▶ _RECORDS PROVIDED_:
******

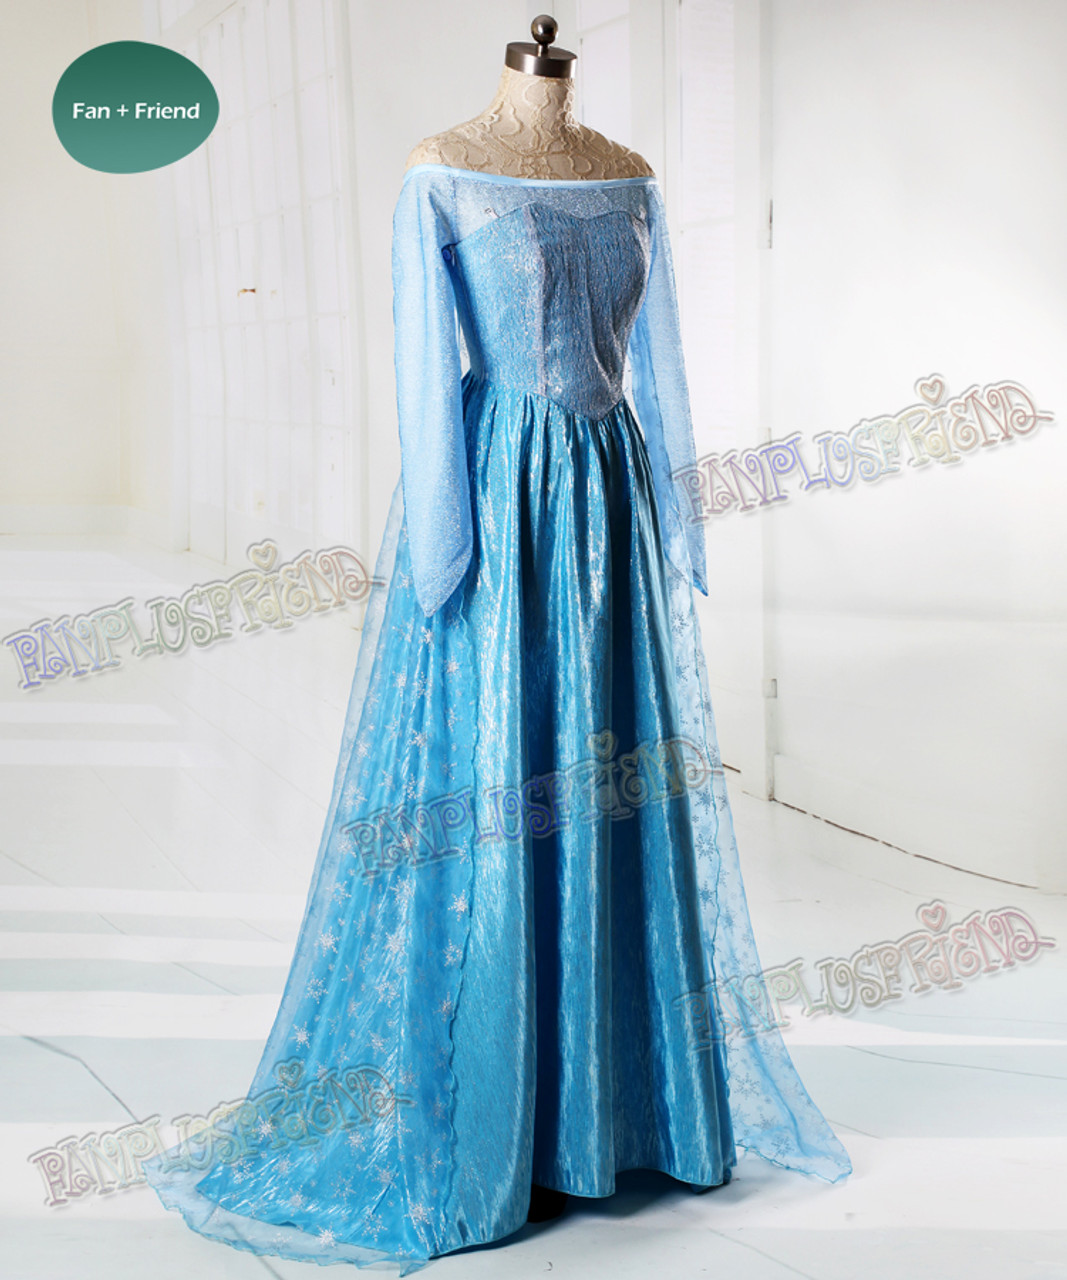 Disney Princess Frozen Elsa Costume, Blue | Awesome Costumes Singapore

******

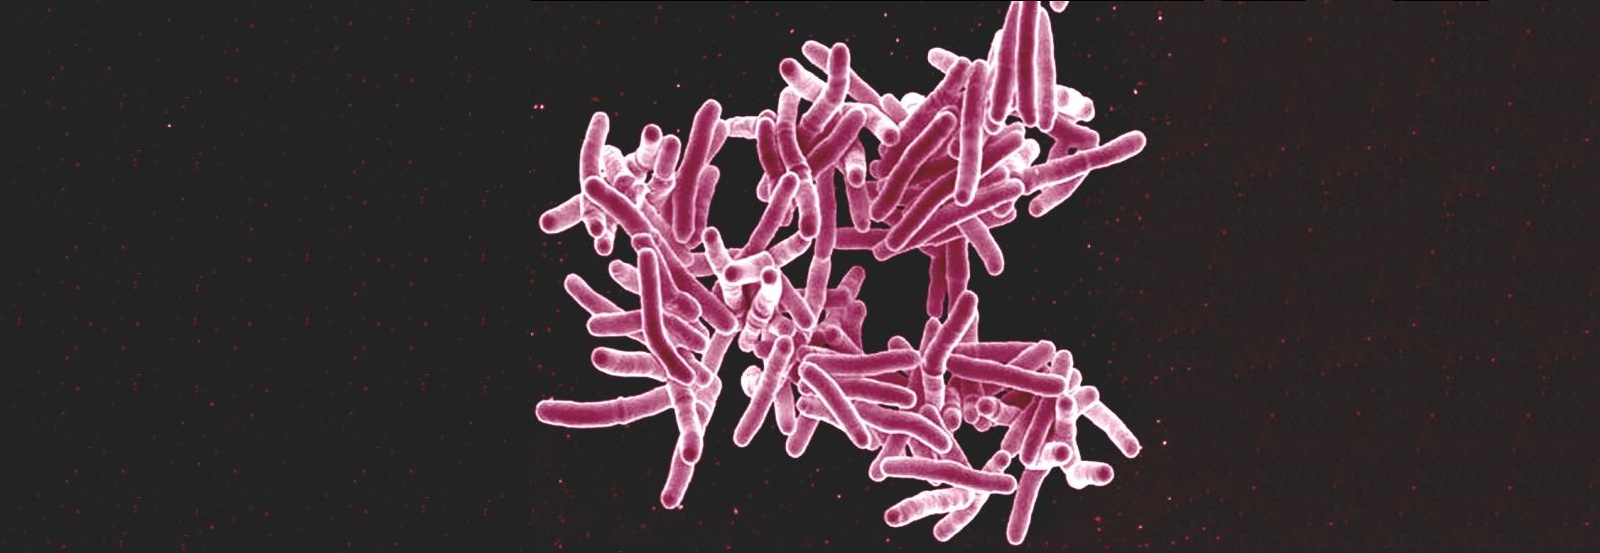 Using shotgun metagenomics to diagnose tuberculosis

******

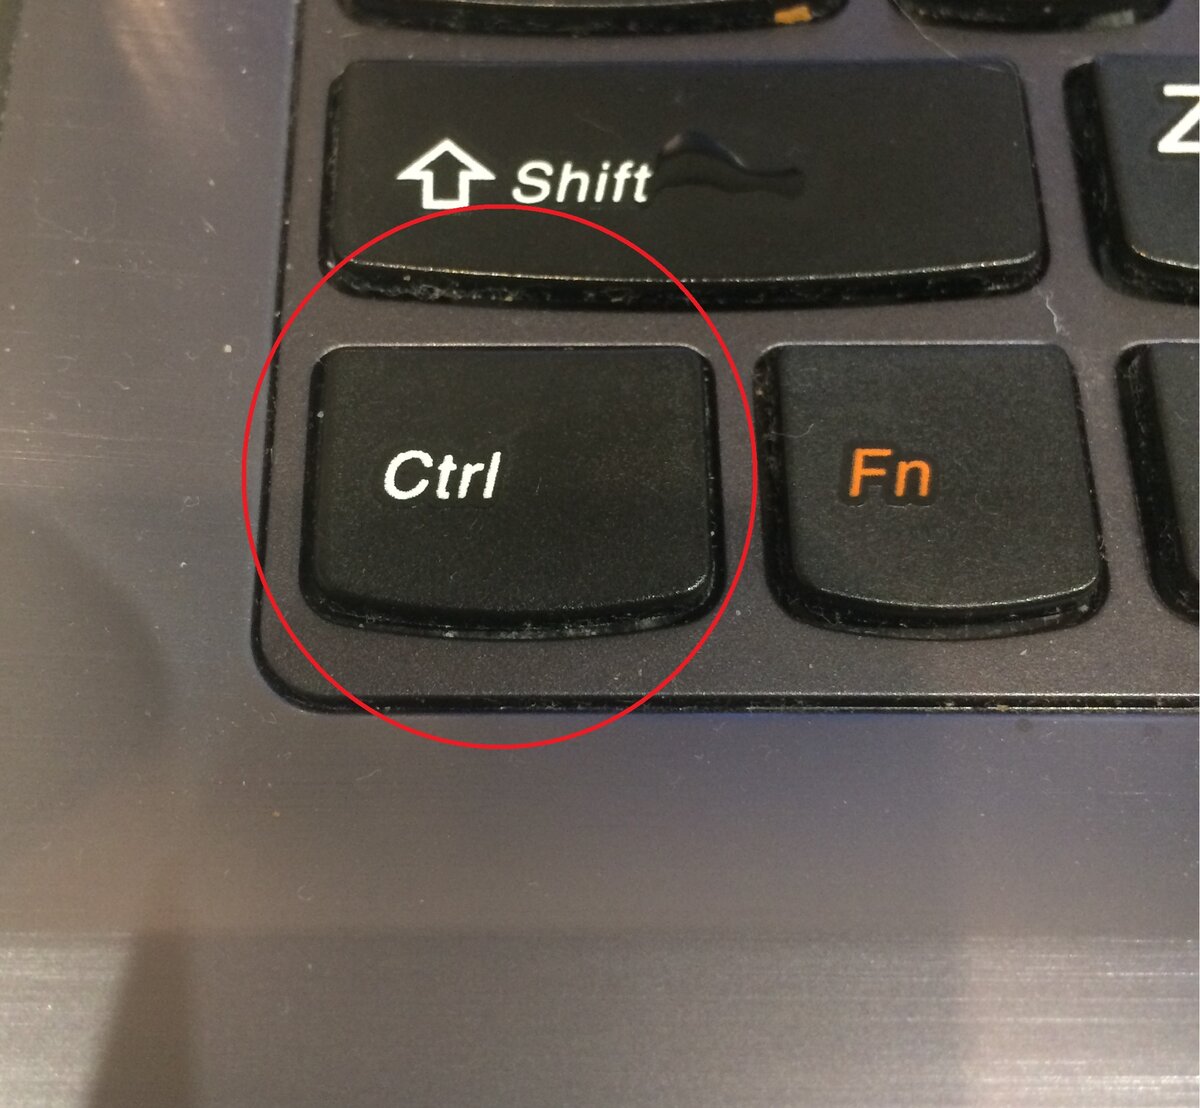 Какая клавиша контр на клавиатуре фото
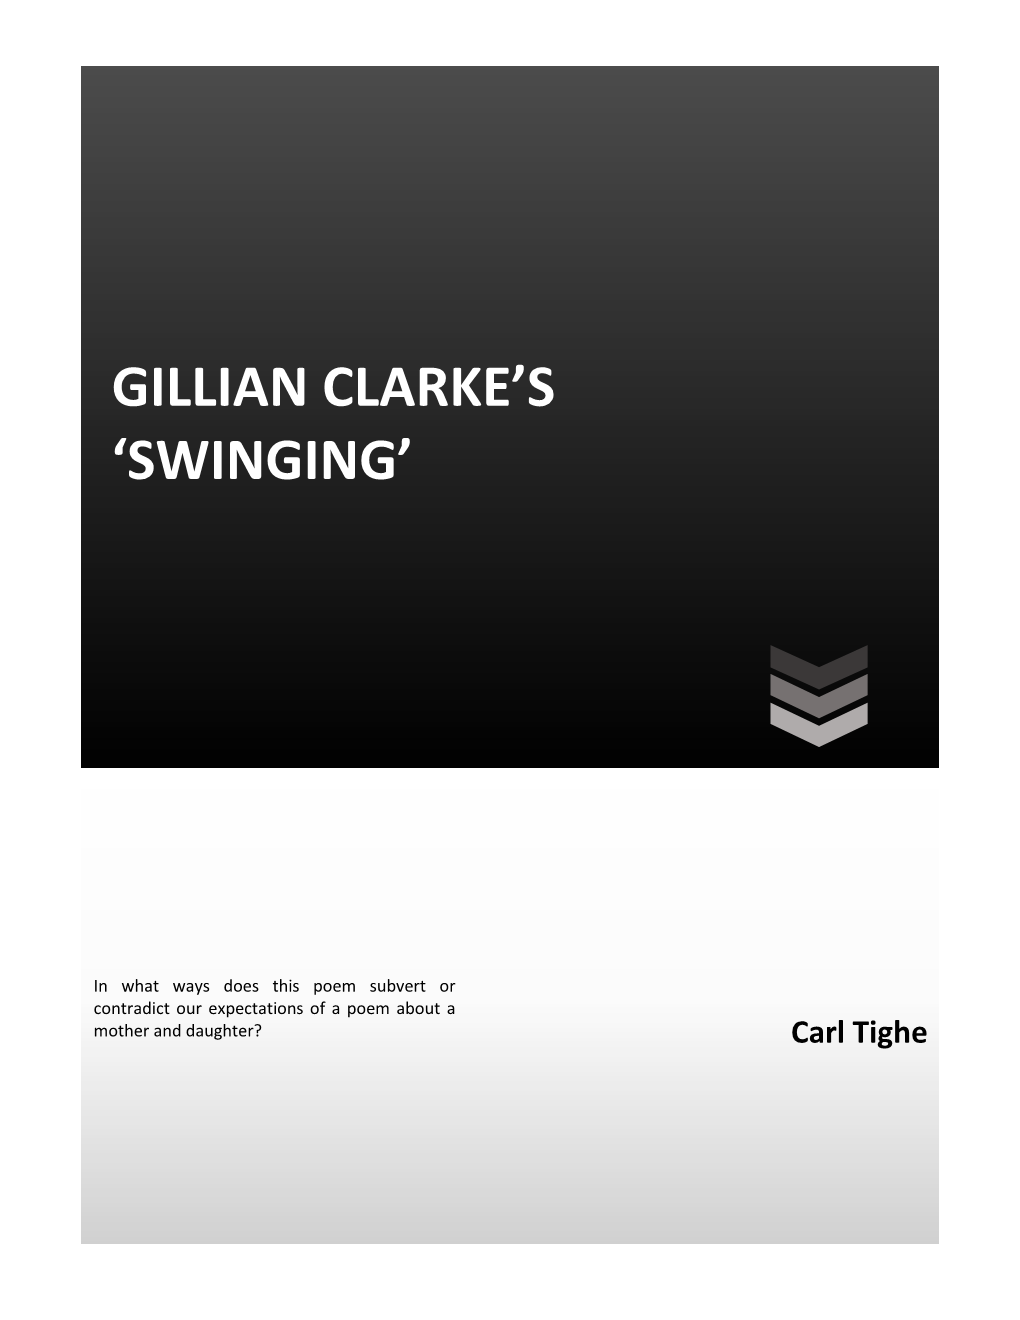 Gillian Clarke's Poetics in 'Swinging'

******

▶ _TASK OBJECTIVE_: Among the entries above, take the lines from the one with "Какая клавиша контр на клавиатуре фото" through the one with "Gillian Clarke's Poetics in 'Swinging'" and retype them exactly, leaving out the pictures.

▶ _SOLUTION FOR THIS EXERCISE_:
 Какая клавиша контр на клавиатуре фото
 Gillian Clarke's Poetics in 'Swinging'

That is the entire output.